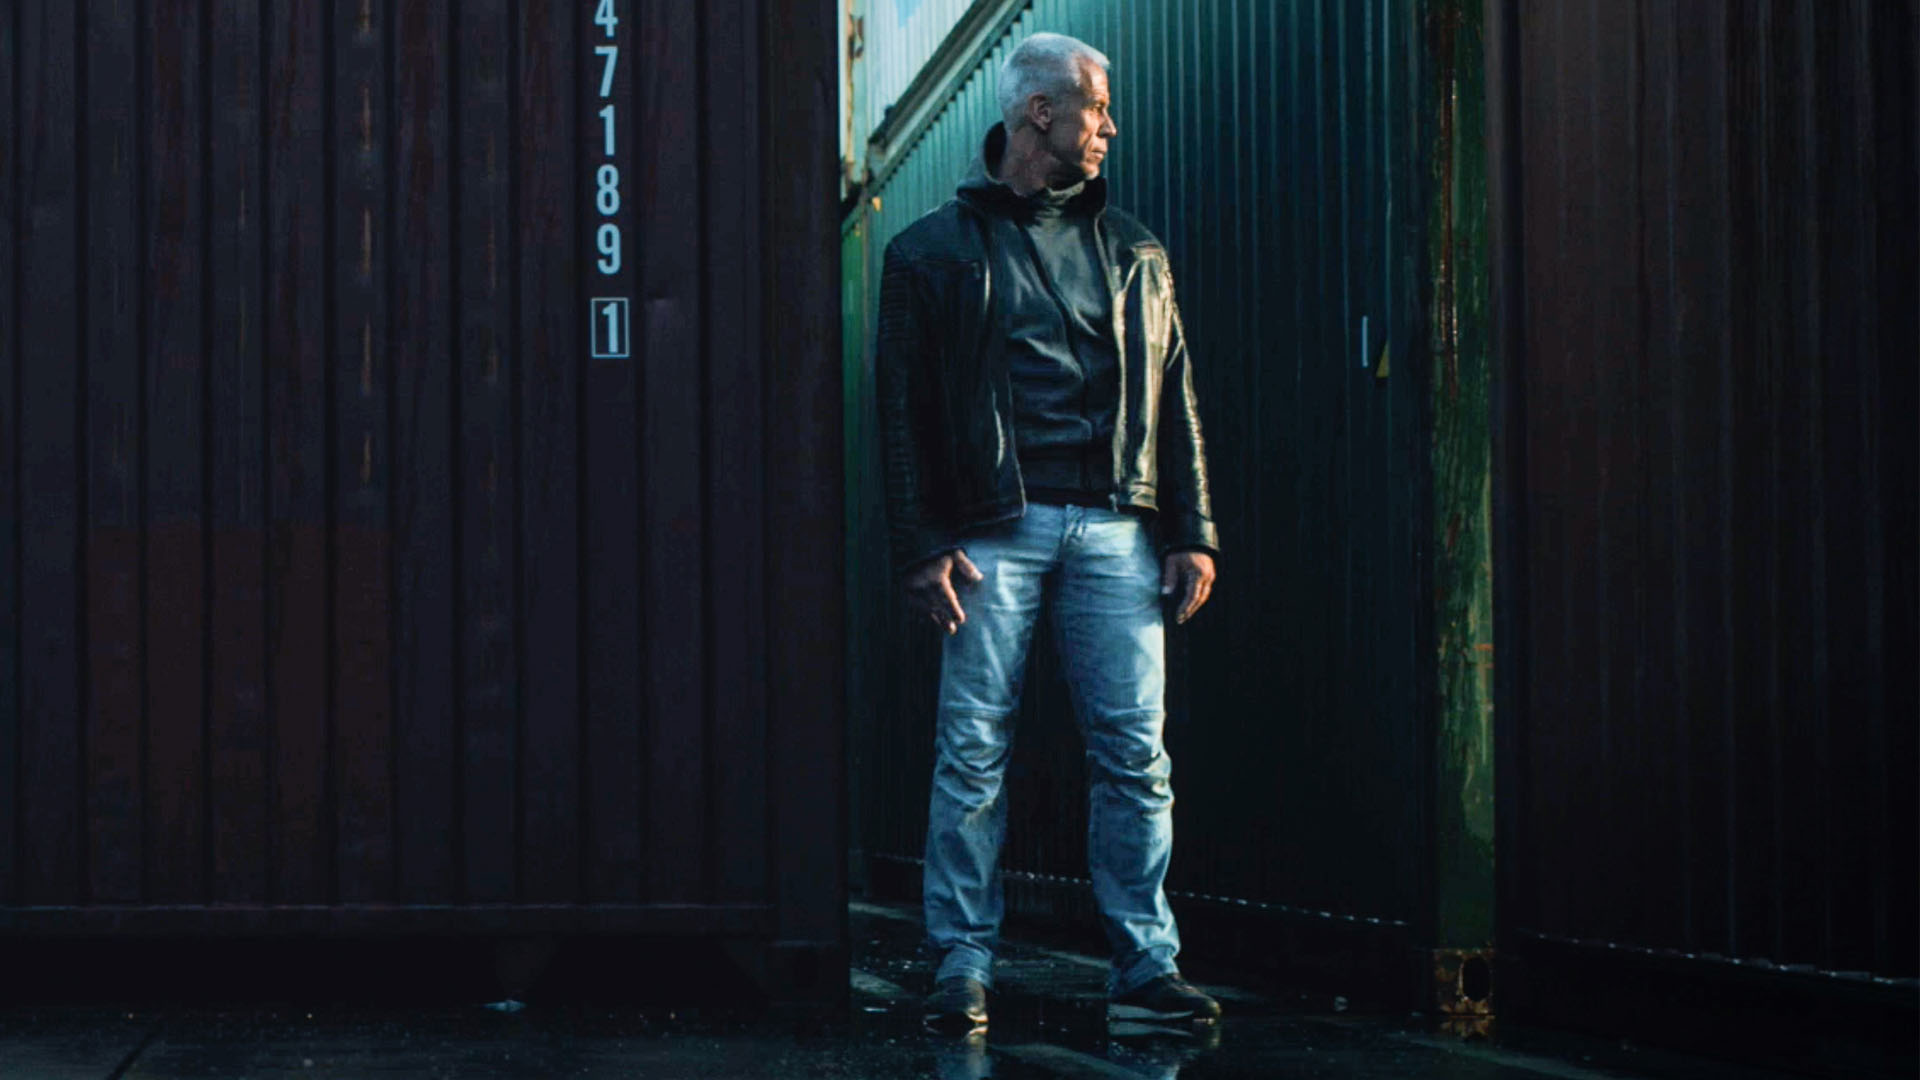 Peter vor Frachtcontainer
---
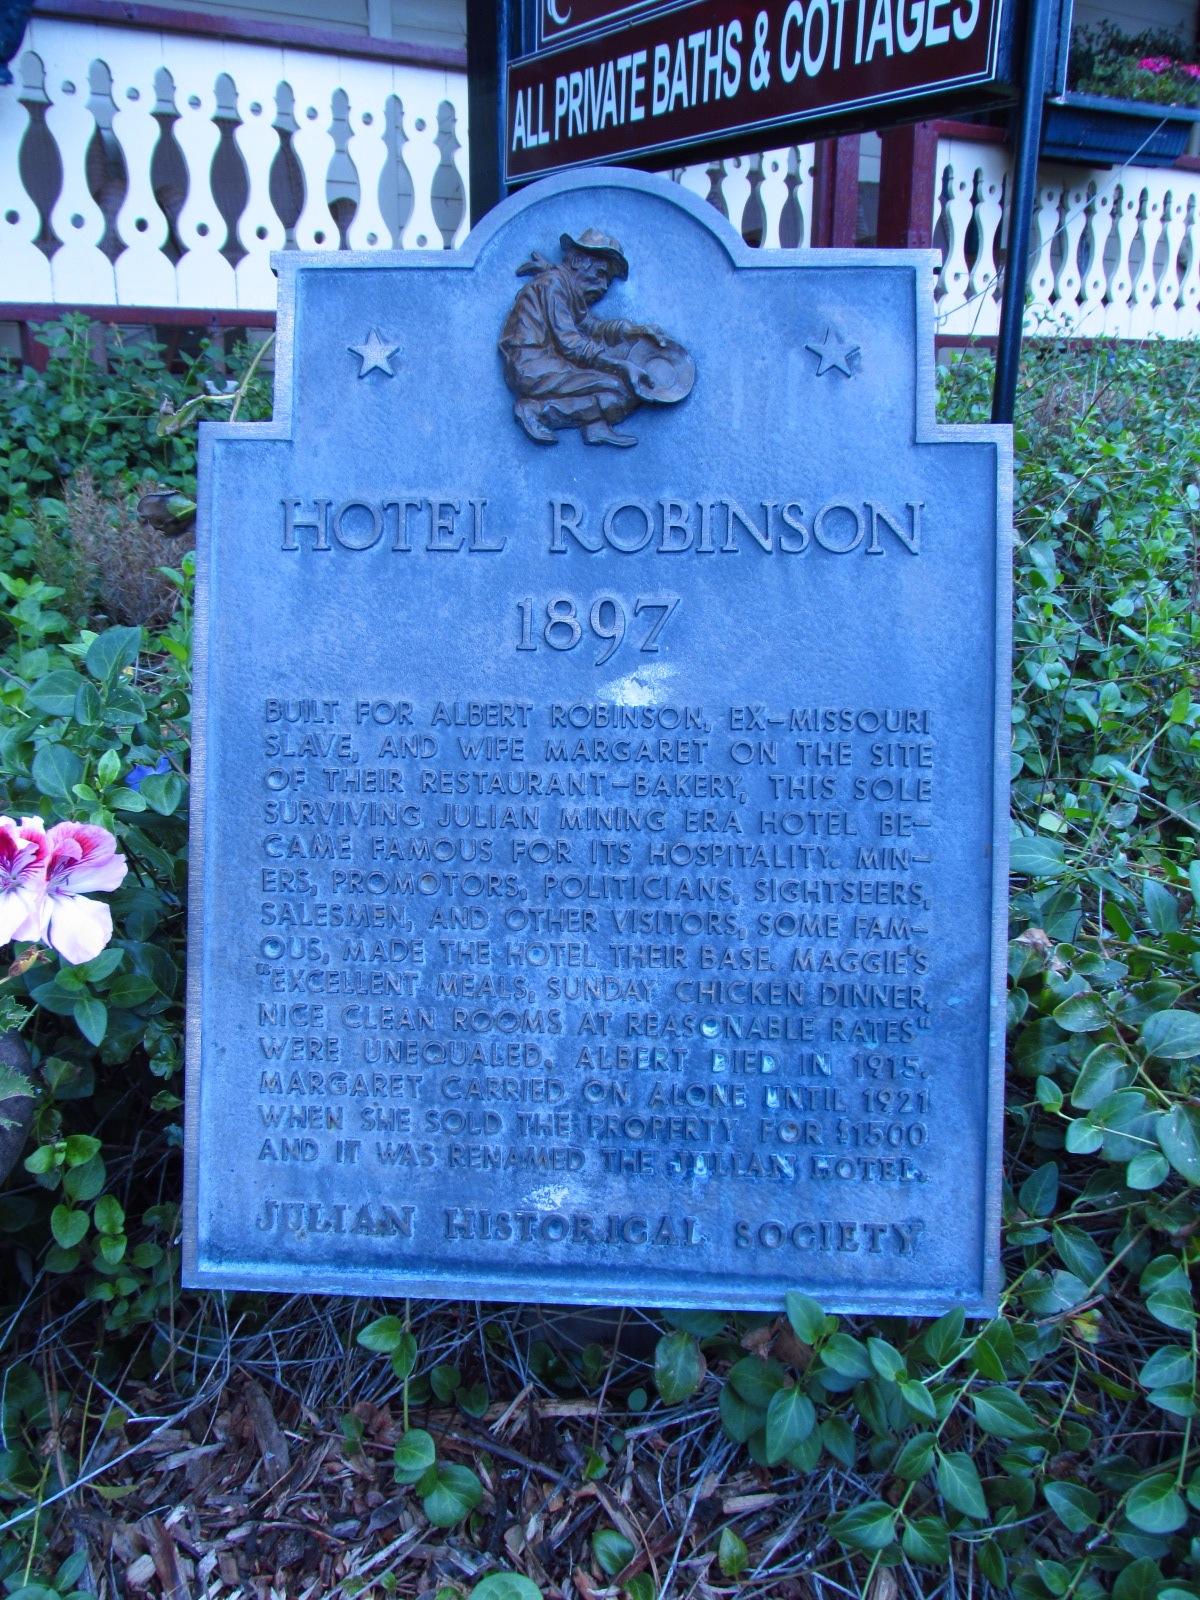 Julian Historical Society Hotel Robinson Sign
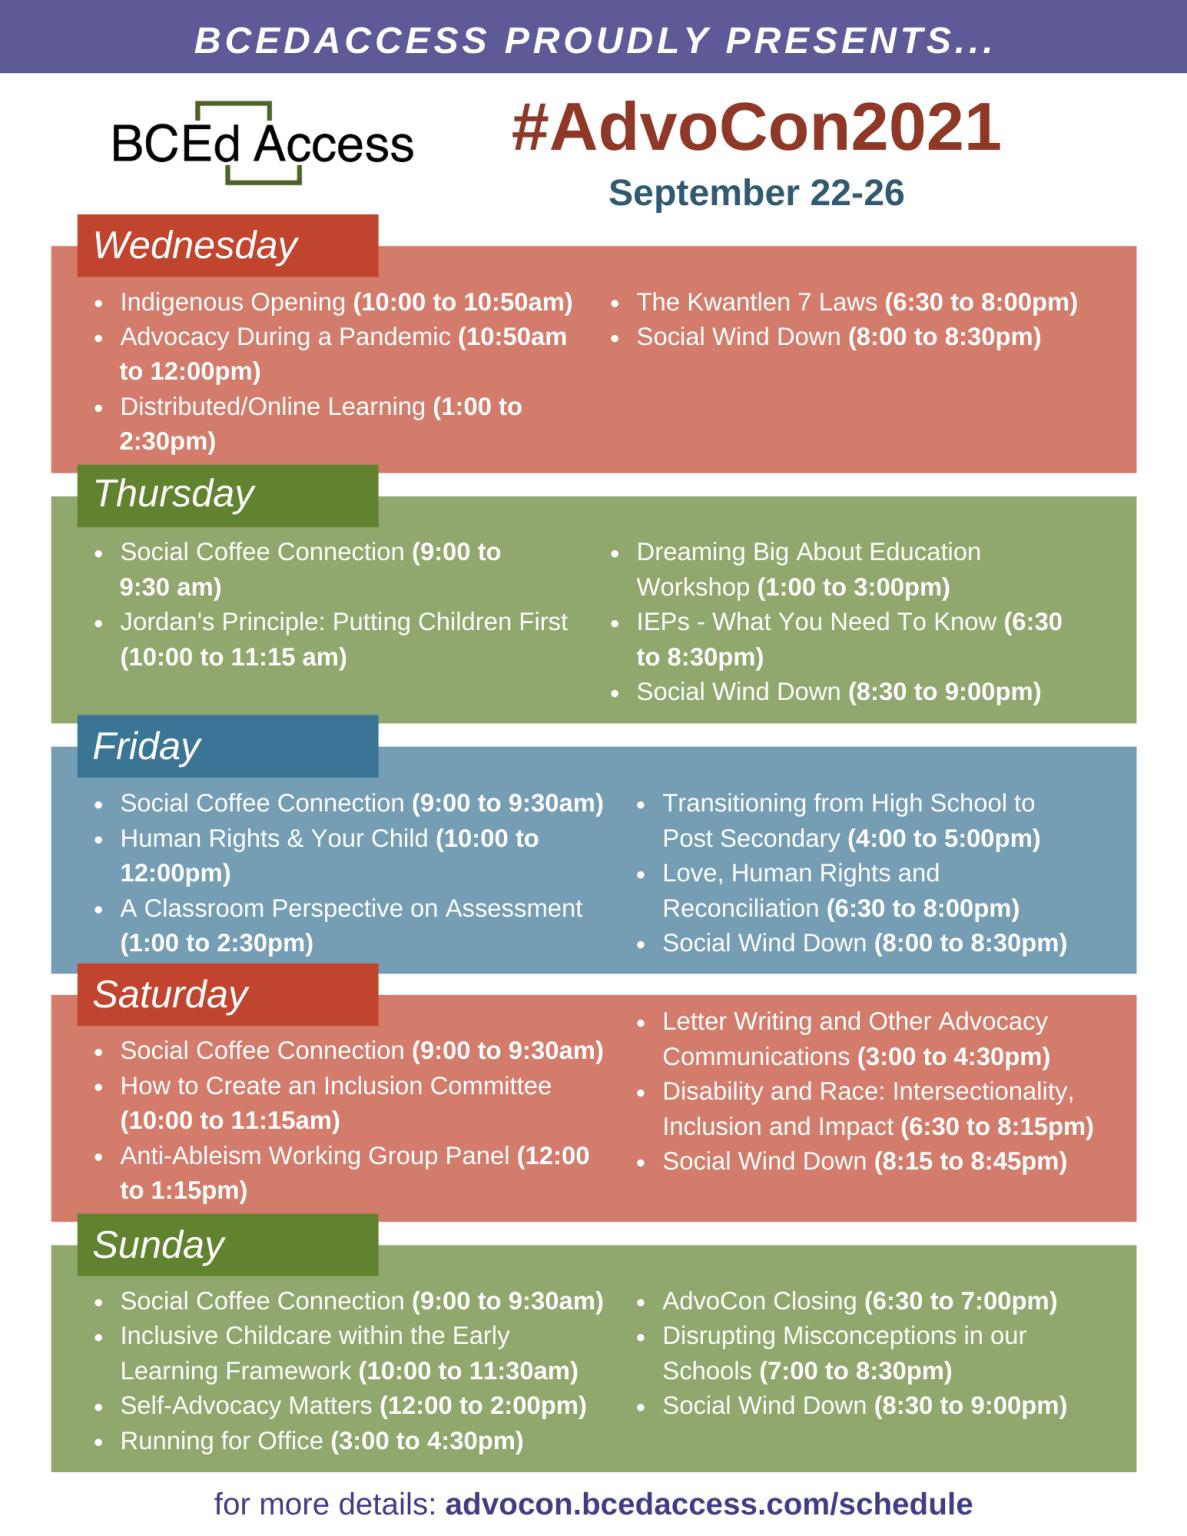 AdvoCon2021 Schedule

PROBLEM DESCRIPTION: Using the data above, set down each line from the line with "Julian Historical Society" to the line with "AdvoCon2021 Schedule" exactly, both ends included, and leave the pictures behind. Nothing else belongs.

SOLUTION FOR THIS PROBLEM:
 Julian Historical Society Hotel Robinson Sign
 AdvoCon2021 Schedule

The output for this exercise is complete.